Where Trigger Warning truly earns its identity is in how it uses VR not as a gimmick, but as a storytelling device. Scale is a major factor. Standing in the same space as a Supe, looking up at someone who can kill you without effort, creates a physical reaction that traditional gameplay rarely achieves. The game understands this and leans into it, especially in sequences involving Homelander, which function almost like survival horror encounters rather than traditional boss fights.

These sections are deliberately uncomfortable. You are not expected to fight. You are expected to endure proximity. The sound design plays a huge role here, with subtle audio shifts signalling danger long before anything visually escalates. It is effective in a way that borders on oppressive, but that is entirely the point.

Environmental interaction is also well thought out. Vought facilities feel clinical and controlled, while underground resistance spaces are cluttered, improvised, and human. This contrast reinforces the central theme of the game, which is how fragile ordinary people are when placed inside systems designed by and for the powerful.

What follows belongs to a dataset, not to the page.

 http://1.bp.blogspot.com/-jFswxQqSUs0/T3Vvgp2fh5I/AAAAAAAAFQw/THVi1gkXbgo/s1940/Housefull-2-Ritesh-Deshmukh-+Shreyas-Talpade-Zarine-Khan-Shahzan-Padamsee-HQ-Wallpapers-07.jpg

Presentation and Performance

Visually, Trigger Warning sits comfortably in the upper tier of VR adaptations. It does not chase hyperrealism, but instead focuses on readability and atmosphere. Lighting is used aggressively to direct attention and build tension, particularly in stealth sections where visibility is deliberately compromised.

Performance on PSVR2 is stable, with noticeably improved clarity compared to the Quest version. Load times are minimal, and haptic feedback adds a subtle but meaningful layer of physicality to actions like firing weapons or absorbing impact during combat. The headset vibration during high-intensity sequences is particularly effective, reinforcing the feeling that the world is reacting to your presence.

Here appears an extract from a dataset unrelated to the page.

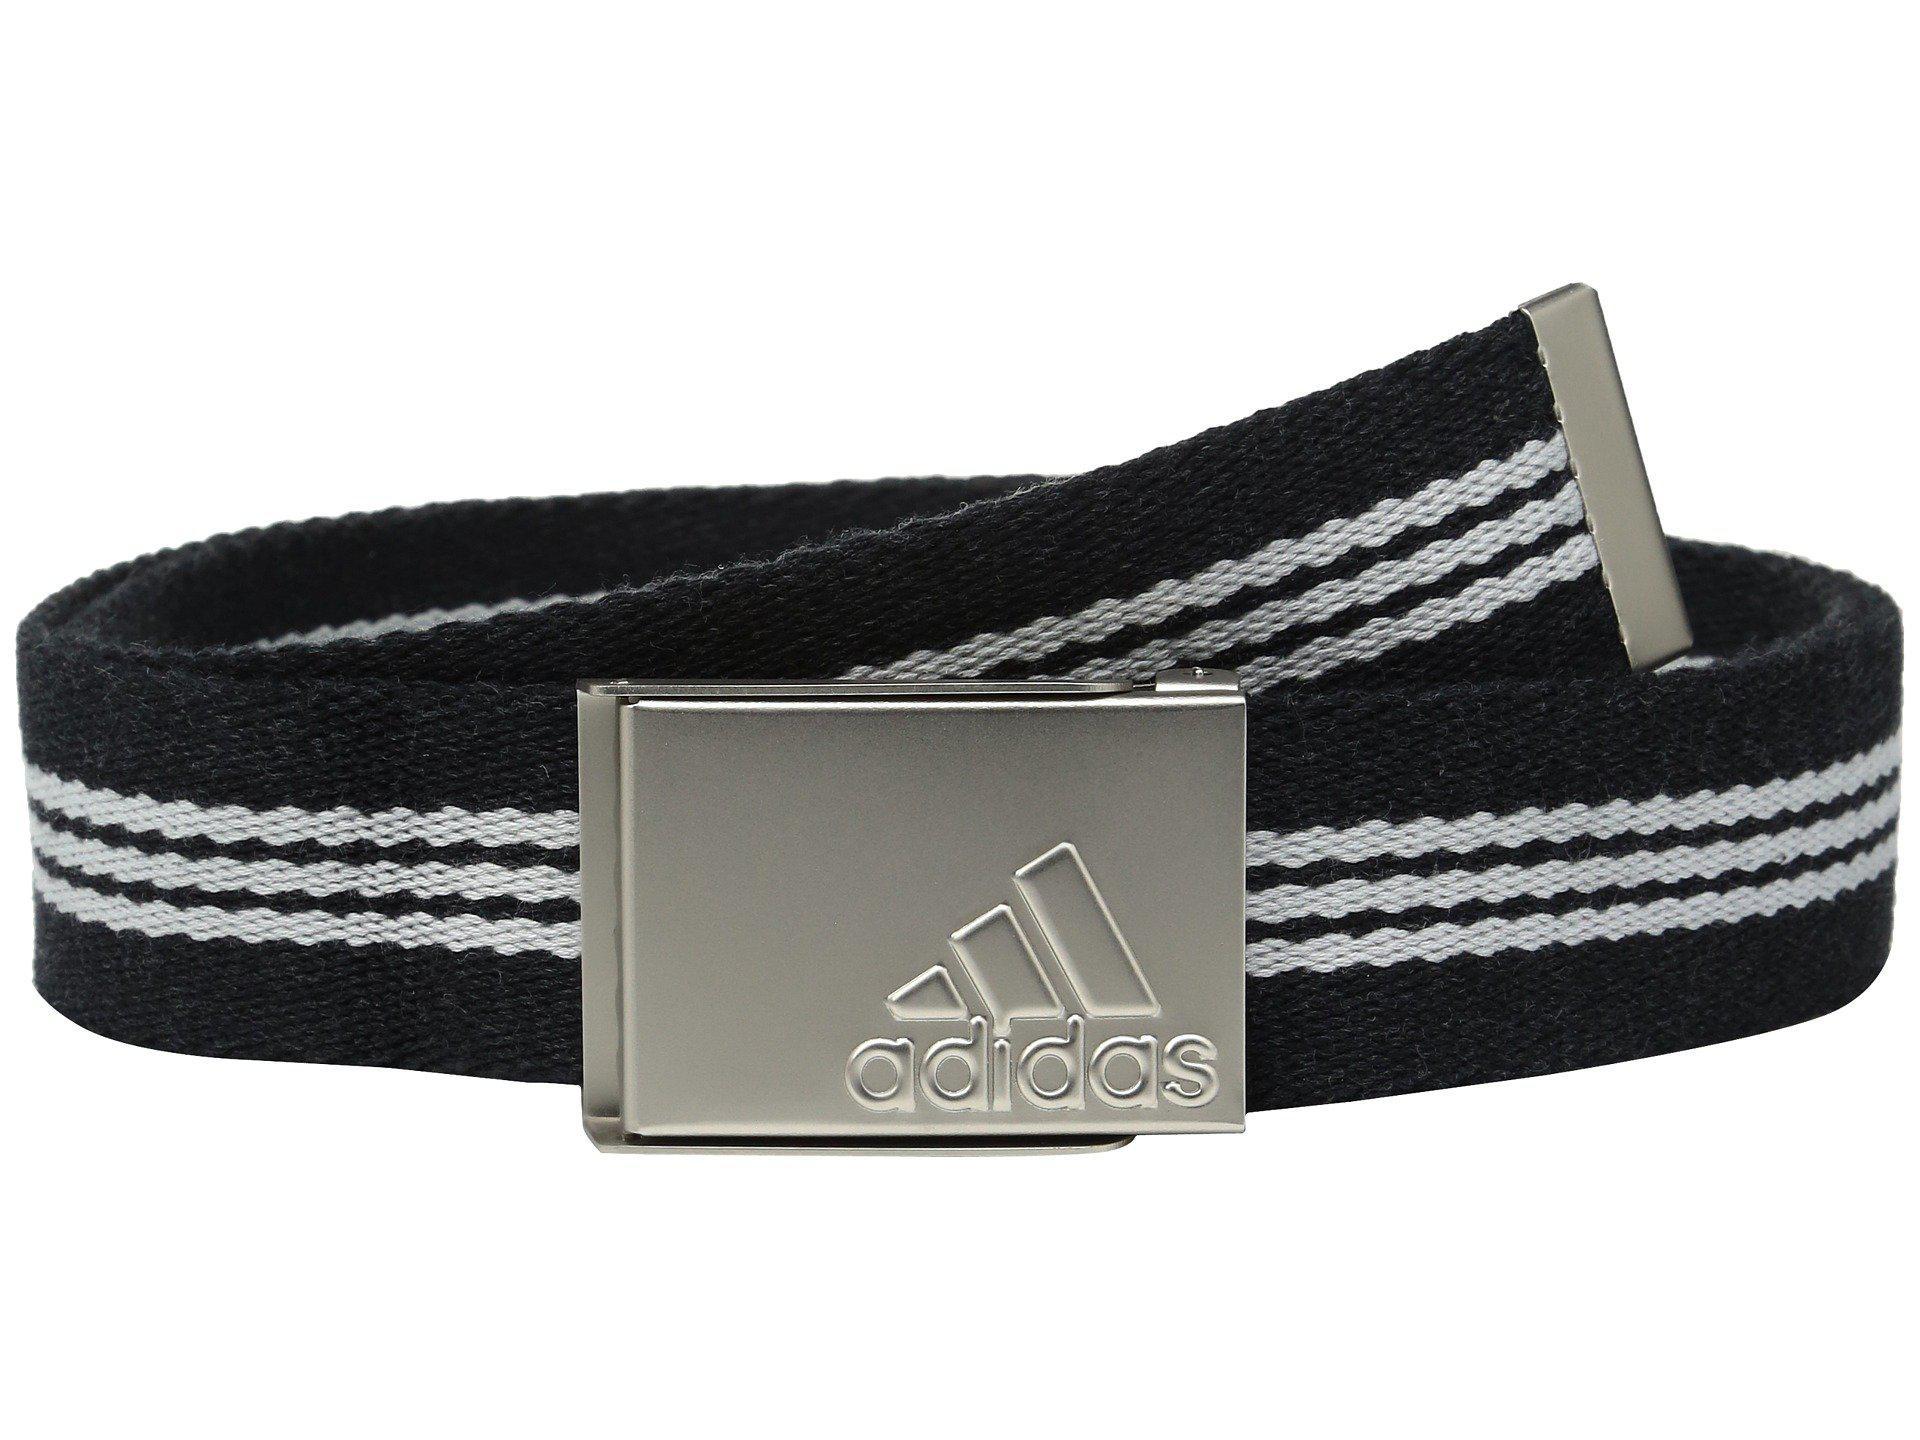 adidas originals belt

Audio design deserves equal credit. Dialogue is sharp and characterful, but it is the environmental soundscape that carries most of the tension. Distant footsteps, shifting metal structures, and the sudden absence of ambient noise all contribute to a constant sense of unease.


Final Thoughts

The Boys: Trigger Warning is not trying to be a definitive superhero game, and it is stronger because of that restraint. Instead, it focuses on proximity, vulnerability, and the psychological pressure of existing in a world where power is unpredictable and often lethal. Its VR implementation enhances that concept rather than distracting from it, creating moments of genuine tension that linger long after play sessions end.

It is relatively short, tightly structured, and sometimes mechanically simple, but it understands exactly what kind of experience it wants to be. For fans of the series, it offers a rare opportunity to step inside its world in a way that feels both intimate and dangerous. For VR players more broadly, it stands as one of the more confident licensed adaptations in recent years.